Но сегодня почти никто не встретился ему в дороге. Всюду пустовали жилища, придворовые постройки. Одна лишь немецкая «Рама», осуществляя разведывательный полет, плавала, как заводная, в стеклянном небе.
Очень возбужденная тетя Поля наказала: чтобы завтра утром же все собрались и вернулись домой; дело-то спешное: вот-вот могли уже нагрянуть немцы; только бы успеть до них, чтобы разминуться с ними в чистом поле. И Антон с тем, прихватив две краюхи душистого ржаного хлеба, заторопился назад, насвистывая. При его отъезде вблизи сильно бухнул взрыв – и взметнулся черный султан земли, обломков и дыма. Кто-то взорвал на окраине деревни грузовик.
Правда, Антону пришлось поволноваться в конце поездки, как он подъехал к злополучному мосту, нависшему над речкой: из мостового настила исчезли два бревнушка, отчего зиял проем, так пугавший гнедую. Она опять стала, боясь перешагнуть препятствие; фыркала, косясь, и упрямилась. Началась сущая пытка для нее и для ее возницы-малолетки.
– Ну, ступай, хорошая Рыжка! Иди! – умоляюще и одобрительно просил Антон, соскочив с таратайки и встав сбоку. – Ты уж не подводи. Давай! Нас же ждут! Ты слышишь?
Он очень испугался того, что умное животное, вконец заупрямившись, не станет перепрыгивать зияющий проем в мосту – просто не послушается его, мальчонку, не мужчину: поймет, что она вольна так поступить. А помощи ждать было неоткуда. Хотя, впрочем, она обычно слушалась его.
– Ты не бойся, Рыжка! Чудачка! – Антон, зайдя спереди, дергал за уздцы упрямицу и невольно повышал от нетерпения (или, вернее, от отчаяния) голос: – Ну, прыгай-же, голубушка! Прыгай, Рыжка! Говорю тебе! Давай же! Н-но! – и аж замахнулся на нее кнутом. Для порядка. – Умница!
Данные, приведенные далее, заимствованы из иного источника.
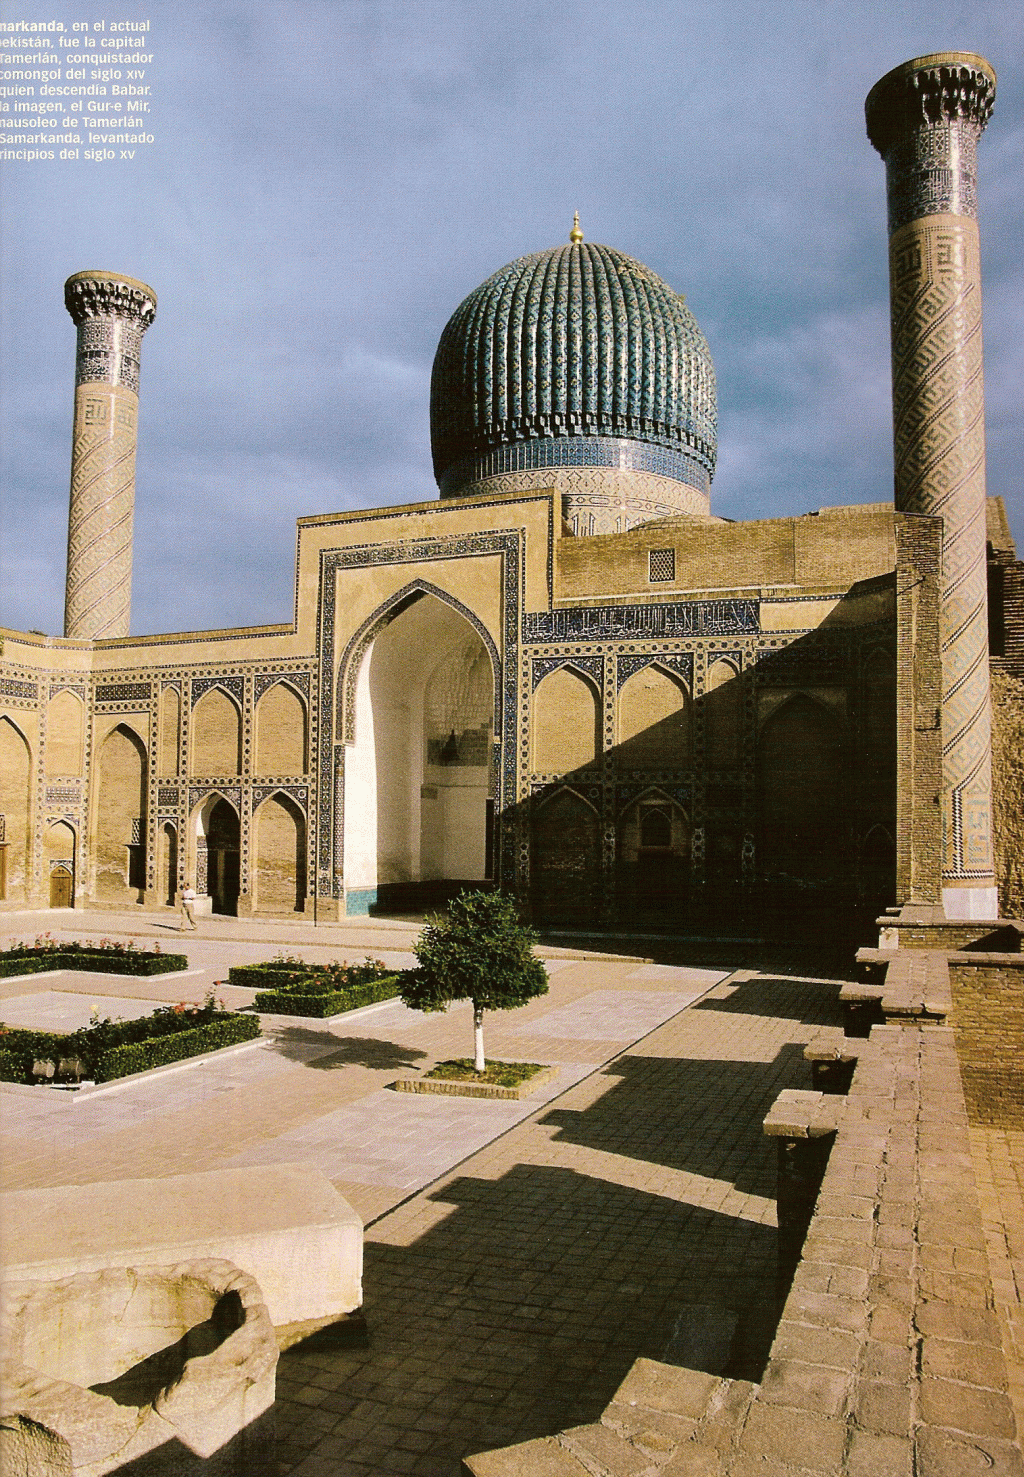 Arq XV Mausoleo Tamerlan Gure Mir Samarkanda Uzbekistan Principios de Siglo

И вновь Рыжка отчаянно прыгнула вперед – грудью почти прямо на него (он отскочил). И протащила за собою таратайку, прогрохотавшую по плясавшему настилу.
Нет, Рыжка умная все-таки не подводила.
X
Вот прокралось мутно-серое утро 14-го октября. Был Покров. И точно: первый – ночной – снег покрыл, убелил следы последних отступивших бойцов. Все повсюду непривычно оголилось, омертвело, стихло тягостно: нигде уже не бухало ничто и никто не сновал потерянно. И Кашины как можно поскорей – с пониманием того, что осталось времени у них в обрез – запрягли лошадку и, возложив на телегу свой небогатый скарб и подрагивая на холодящем воздухе, заспешили гурьбой из Дубакино домой. Чувство возвращения домой поторапливало всех. Оттеплело чуть. Заметно. Выпавший неплотный снег оседал, неслышно подтаивая на еще незакованной морозом земле; он напластовывался на колесах, обитых железом, и за ними тянулся темными полосами прорезанный до земли след.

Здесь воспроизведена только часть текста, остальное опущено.